1. A preparation process of electronic-grade potassium hydroxide is characterized by comprising the following steps: the preparation process comprises the following steps which are sequentially and continuously carried out:

(1) sequentially passing a potassium chloride aqueous solution through a first chelating resin and a second chelating resin at a constant flow rate for adsorption to obtain a high-purity potassium chloride solution;

(2) concentrating the high-purity potassium chloride solution obtained in the step (1) to obtain potassium chloride crystals;

(3) adding high-purity water to the potassium chloride crystal obtained in the step (2) for dissolving, and treating the dissolved potassium chloride aqueous solution by a bipolar membrane electrodialysis system to obtain a low-concentration potassium hydroxide solution;

(4) heating and concentrating the low-concentration potassium hydroxide solution obtained in the step (3) to obtain electronic-grade potassium hydroxide;

wherein the first chelating resin is aminocarboxylic acid chelating resin or aminophosphoric acid chelating resin, and the second chelating resin is iminodiacetic acid type chelating resin or fluorinated modified iminodiacetic acid type chelating resin.

2. The process for preparing electronic grade potassium hydroxide according to claim 1, wherein: the potassium chloride aqueous solution in the step (1) is prepared by dissolving industrial-grade potassium chloride or food-grade potassium chloride in high-purity water.

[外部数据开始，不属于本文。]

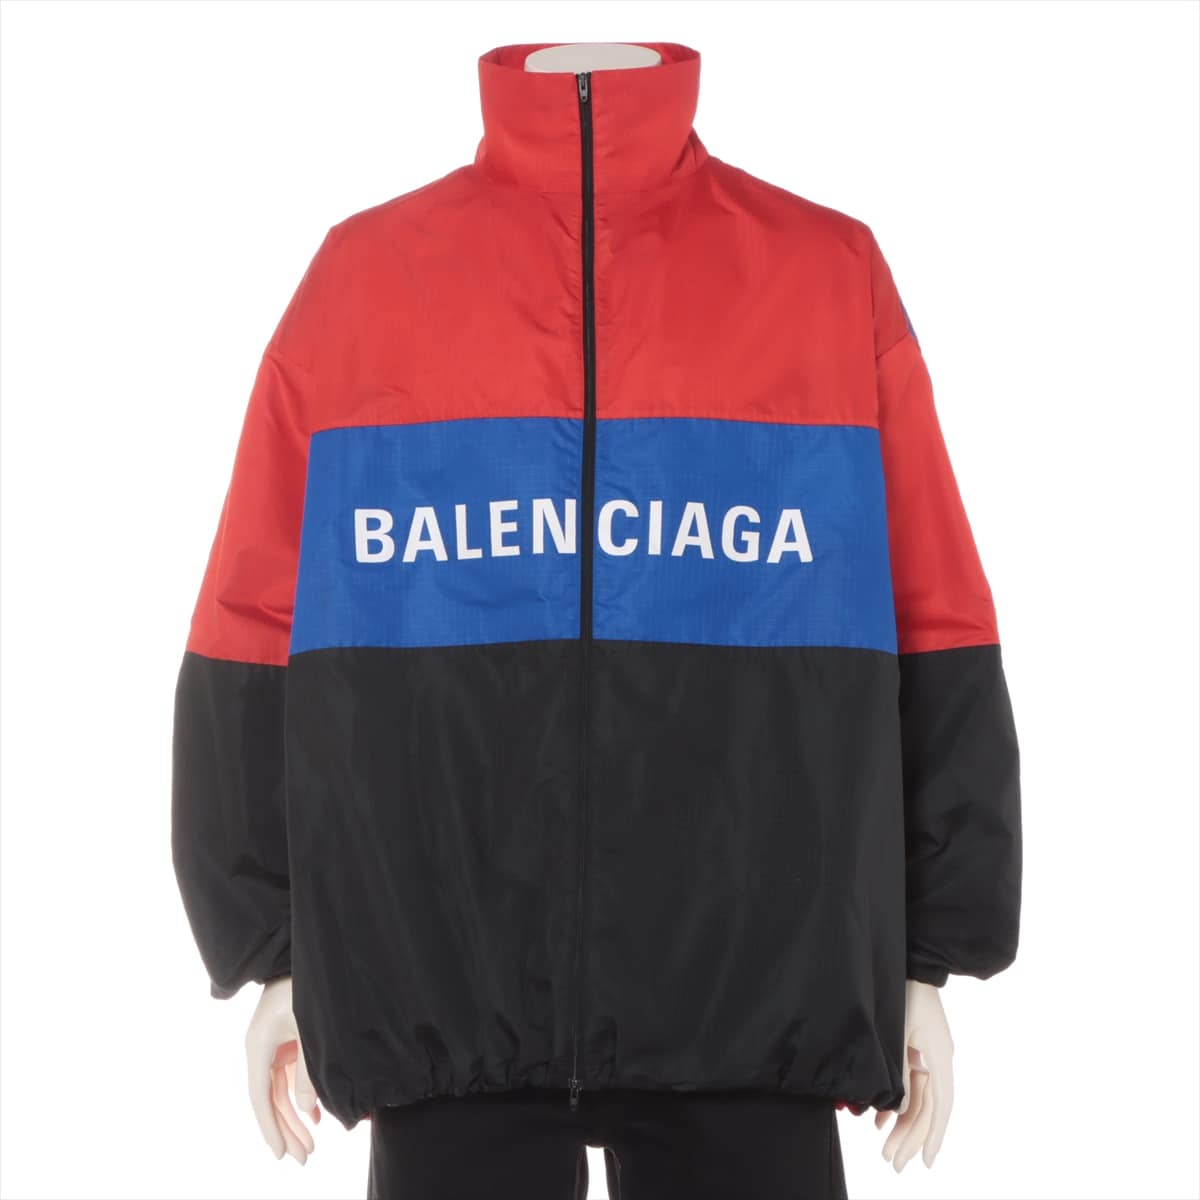 Balenciaga 19SS Polyester Jacket 44 Men's Red x Black  534317
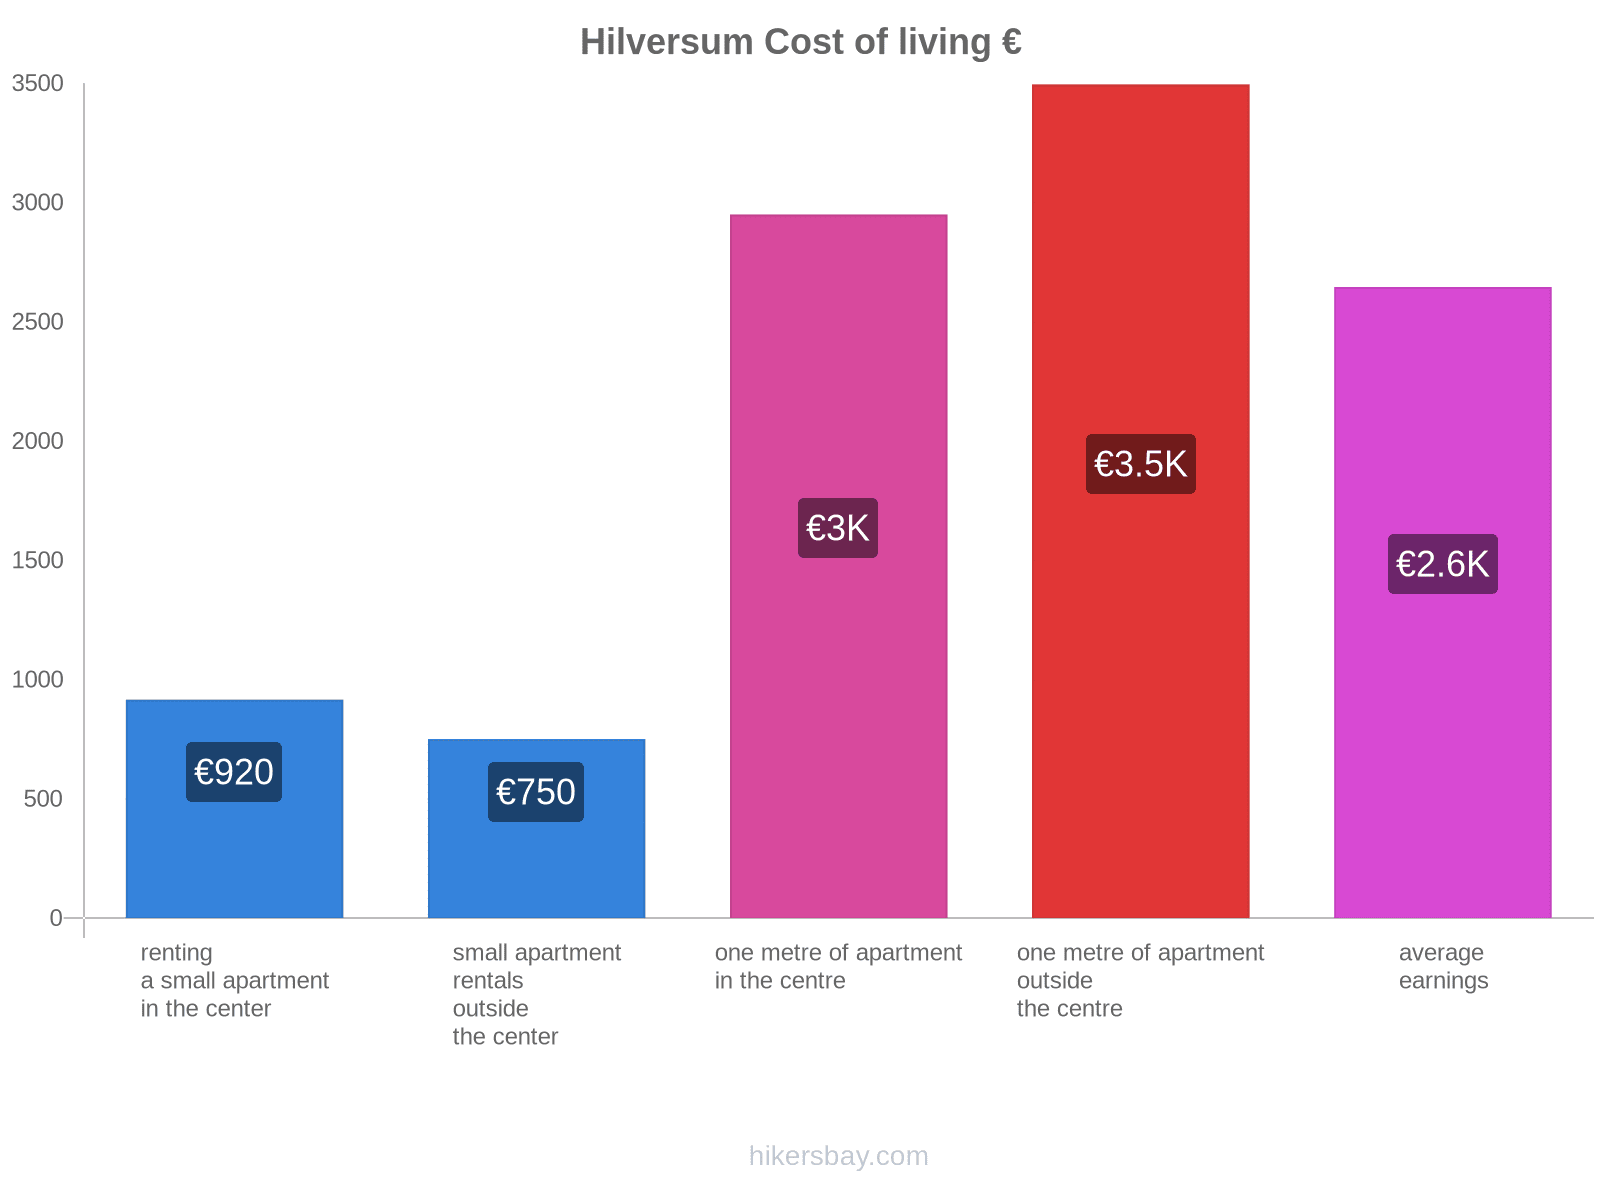 Hilversum cost of living hikersbay.com

3. The process for preparing electronic grade potassium hydroxide according to claim 1, wherein: the concentrations of the potassium chloride aqueous solution in the step (1) and the potassium chloride aqueous solution in the step (3) are both 300-400 g/L.

4. The process for preparing electronic grade potassium hydroxide according to claim 1, wherein: in the step (1): and (3) allowing the potassium chloride aqueous solution to pass through the first chelating resin and the second chelating resin in sequence at a constant flow rate for adsorption and then pass through the extraction resin to obtain the high-purity potassium chloride solution.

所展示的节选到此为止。